Smart PDF for Business is a Python library for structured PDF content analysis, built on top of spaCy-layout. Using spaCy-layout’s page, block, and layout-aware text extraction capabilities, the library adds higher-level features for business workflows and document automation.
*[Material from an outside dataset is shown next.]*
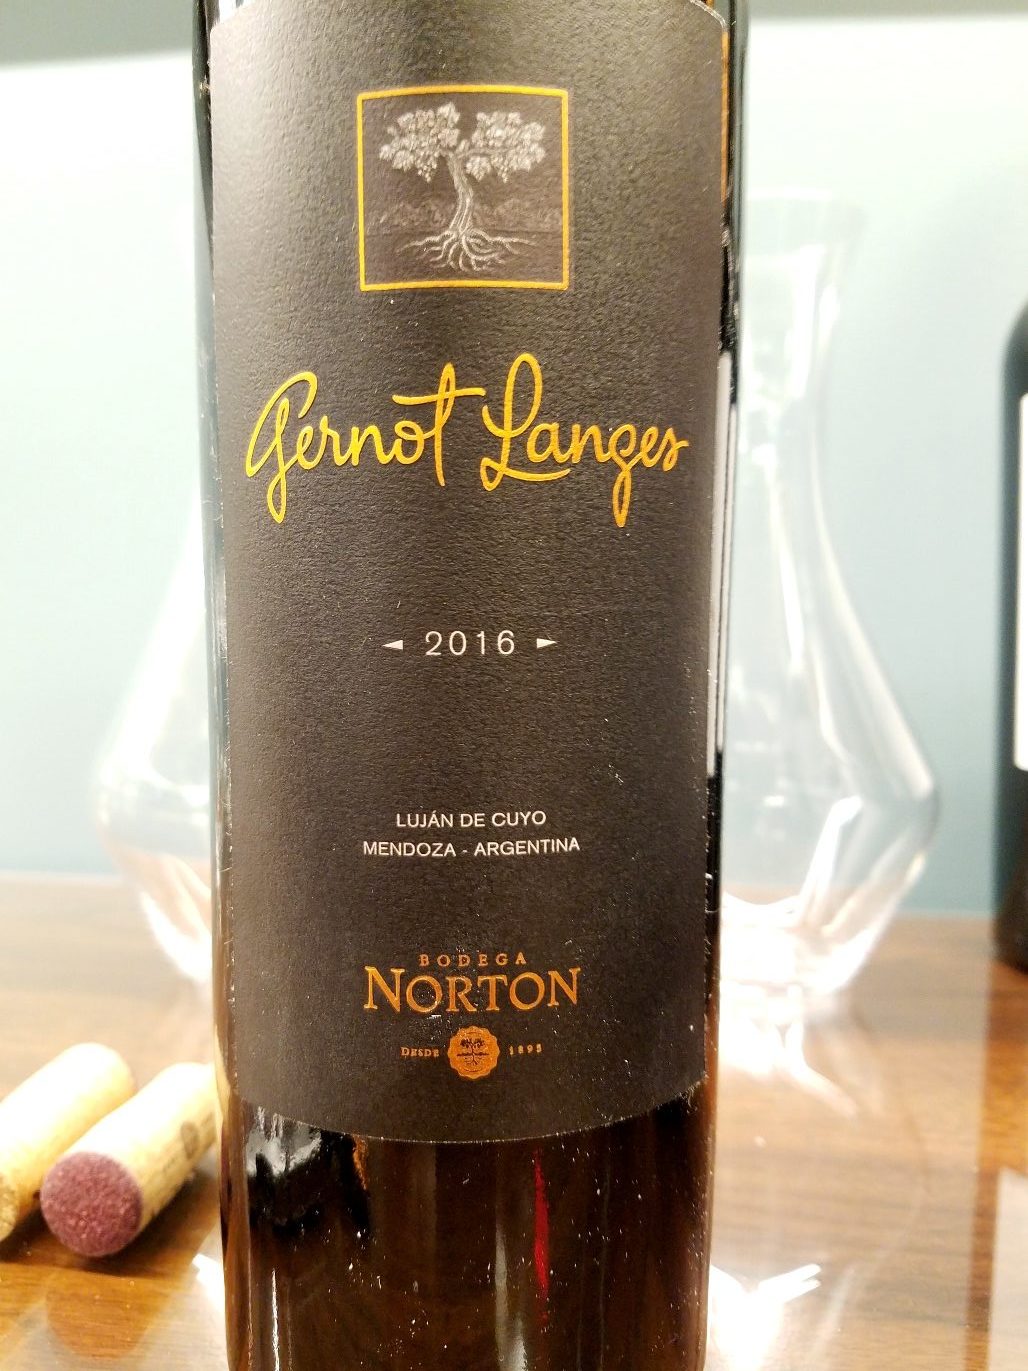 Bodega Norton, Gernot Langes 2016, Luján de Cuyo, Mendoza, Argentina, Wine Casual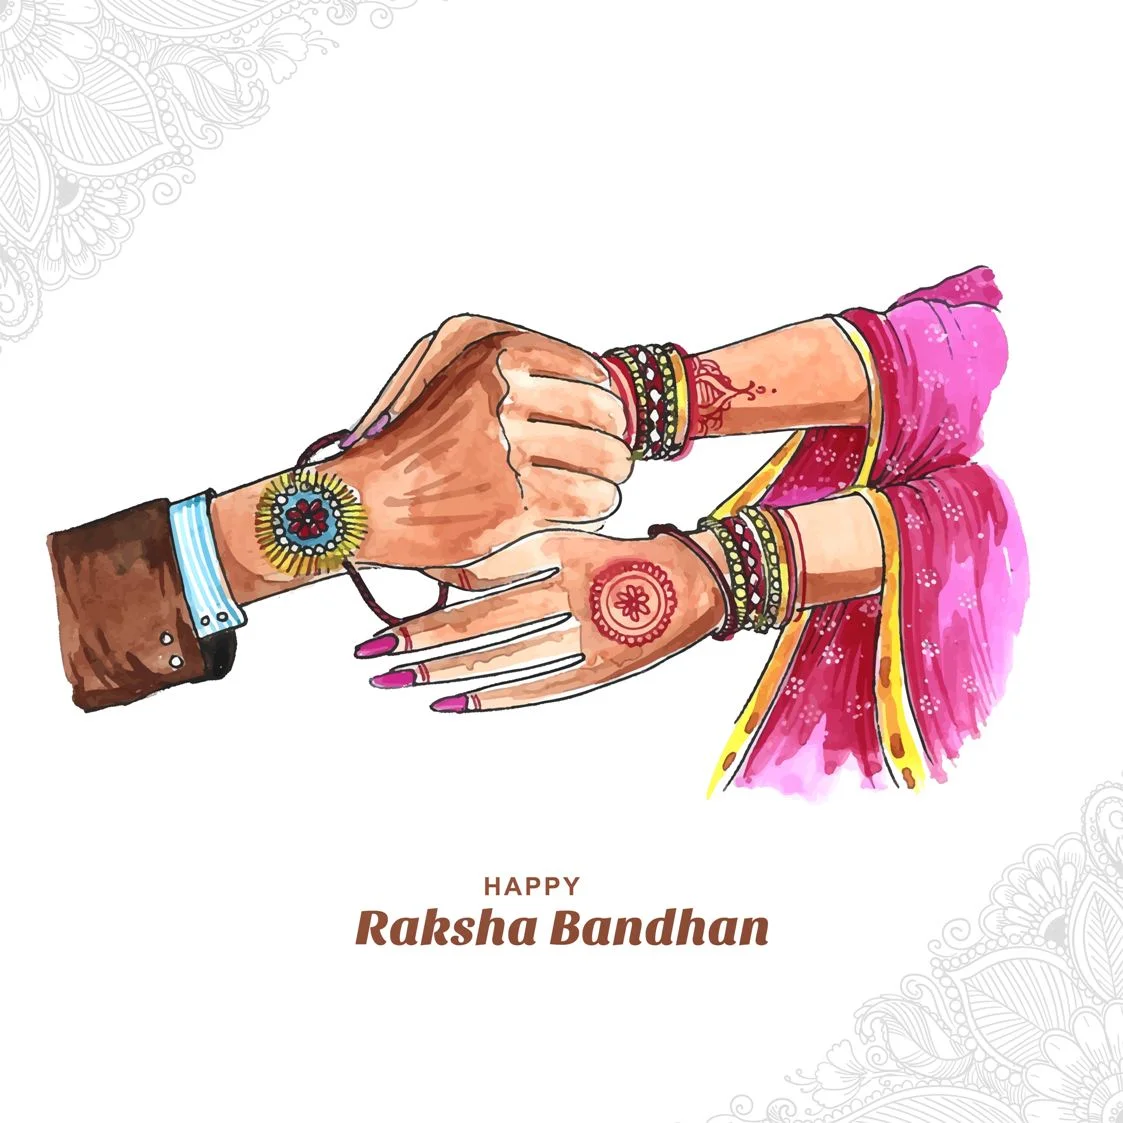 100+] Happy Raksha Bandhan Wallpapers | Wallpapers.com

Smart PDF for Business provides a unified interface to extract, search, and analyze PDF documents with structure-aware intelligence:

  • Load PDFs from files, folders, or raw bytes.
  • Extract headings, body text, sections, and layout-aware content.
  • Search text using keywords or semantic similarity powered by SentenceTransformers.
  • Detect handwritten or scanned signatures with bounding boxes, pages, and optional cropped images.
  • Export results as plain text, Markdown, CSV, Excel, or JSON.
  • Process multiple PDFs at once with batch utilities.

PyPI Version Python Version License

📝 Usage

⚠️ This package requires Python 3.10 or above.

pip install smart_pdf_for_business

After initialising a PDFDoc object using one of the factory methods, you can call its built-in functions. Most methods create a new PDFDoc object containing the result. This allows you to utilise the library's output capabilities.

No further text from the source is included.